## Provided data
====

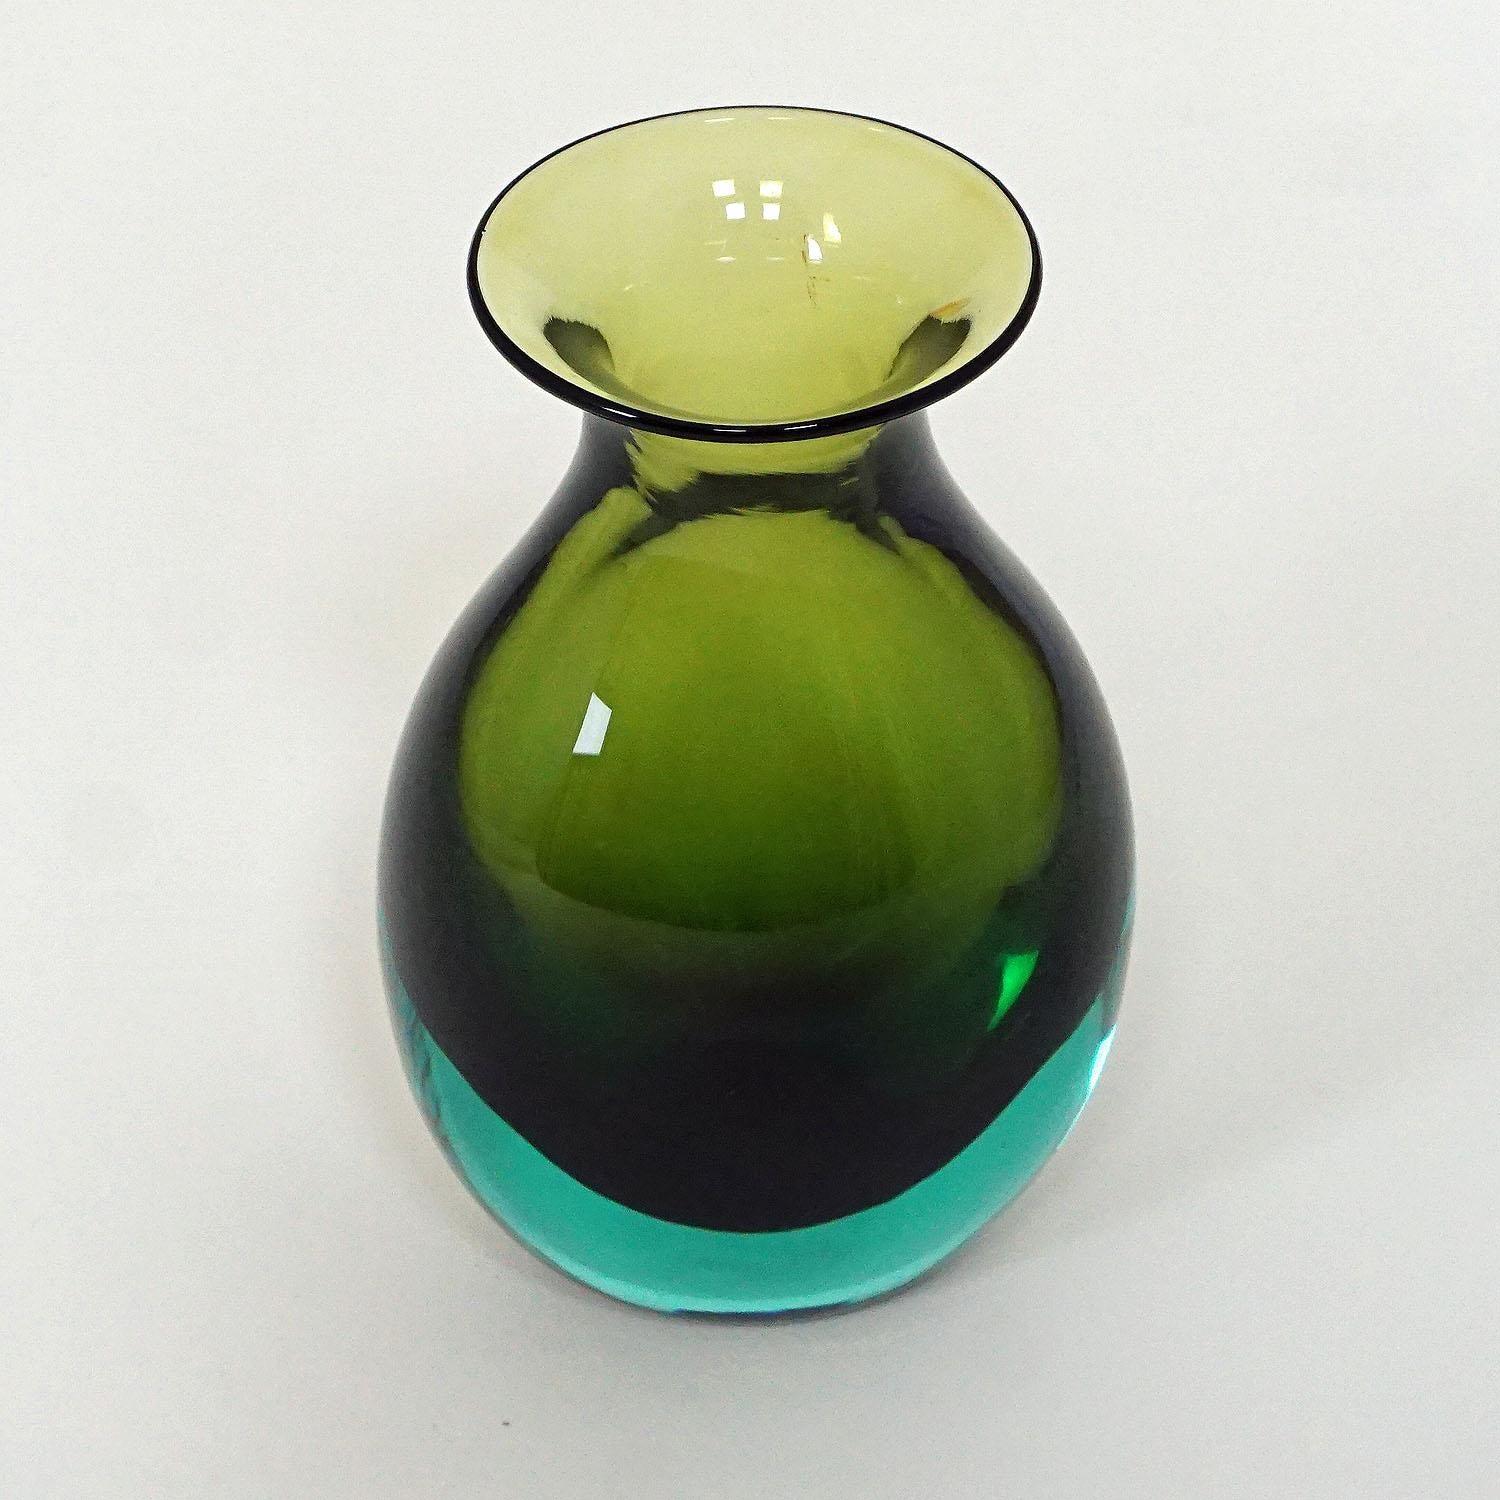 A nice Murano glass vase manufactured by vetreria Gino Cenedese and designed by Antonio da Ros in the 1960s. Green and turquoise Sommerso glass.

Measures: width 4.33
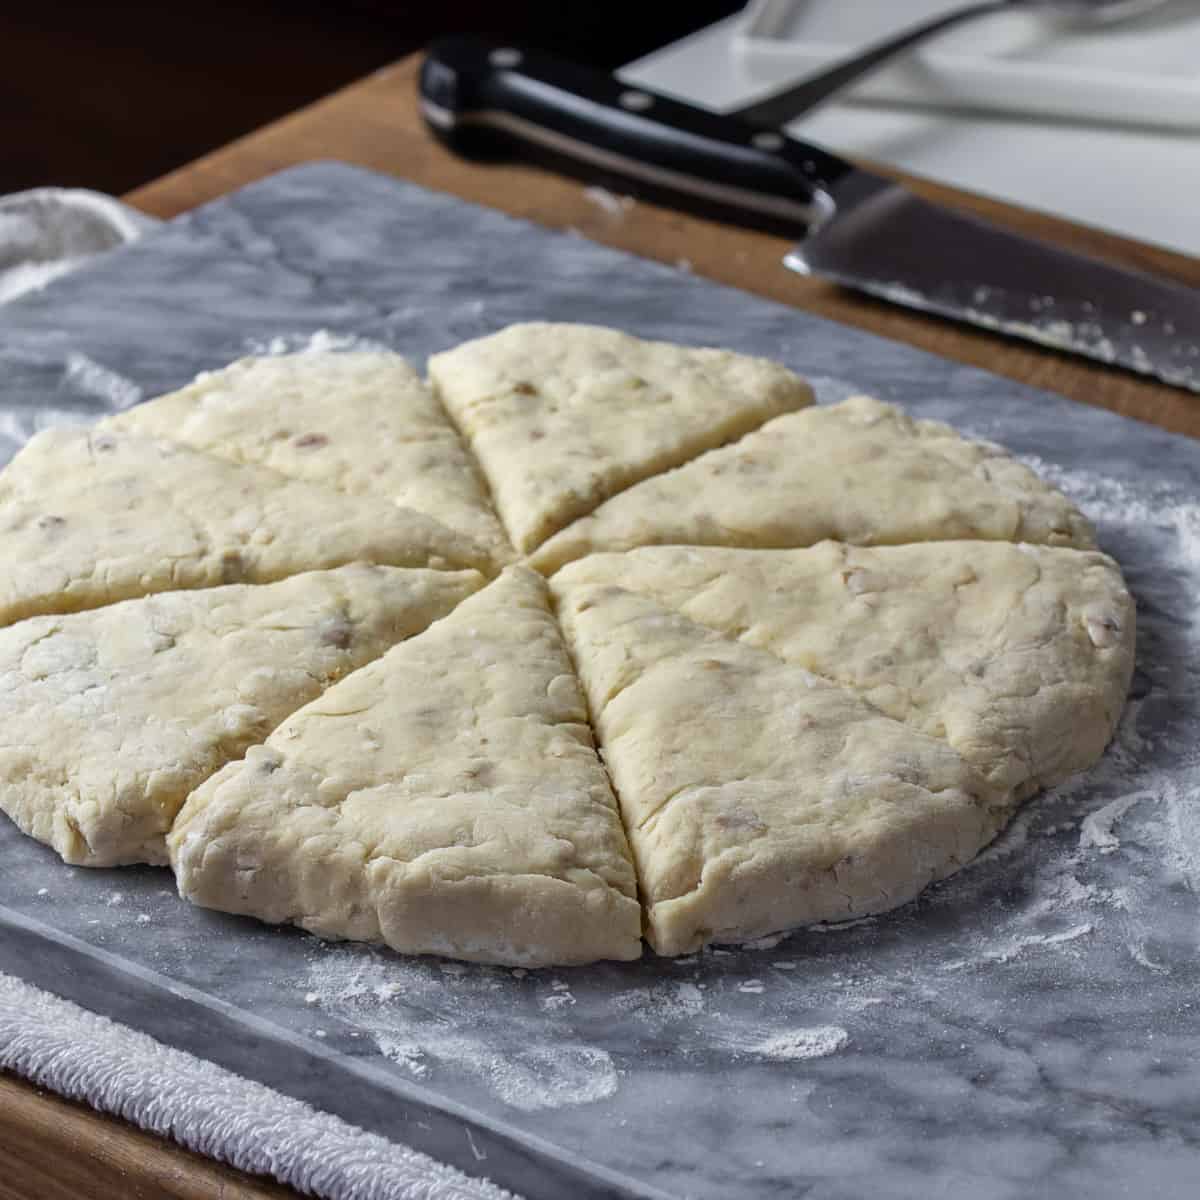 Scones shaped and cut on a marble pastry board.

====

## Task prompt
Begin at the line that contains "Measures: width 4.33" and transcribe every line through the end of the listing, exactly as written. Omit the pictures.

## Task solution
Measures: width 4.33
 Scones shaped and cut on a marble pastry board.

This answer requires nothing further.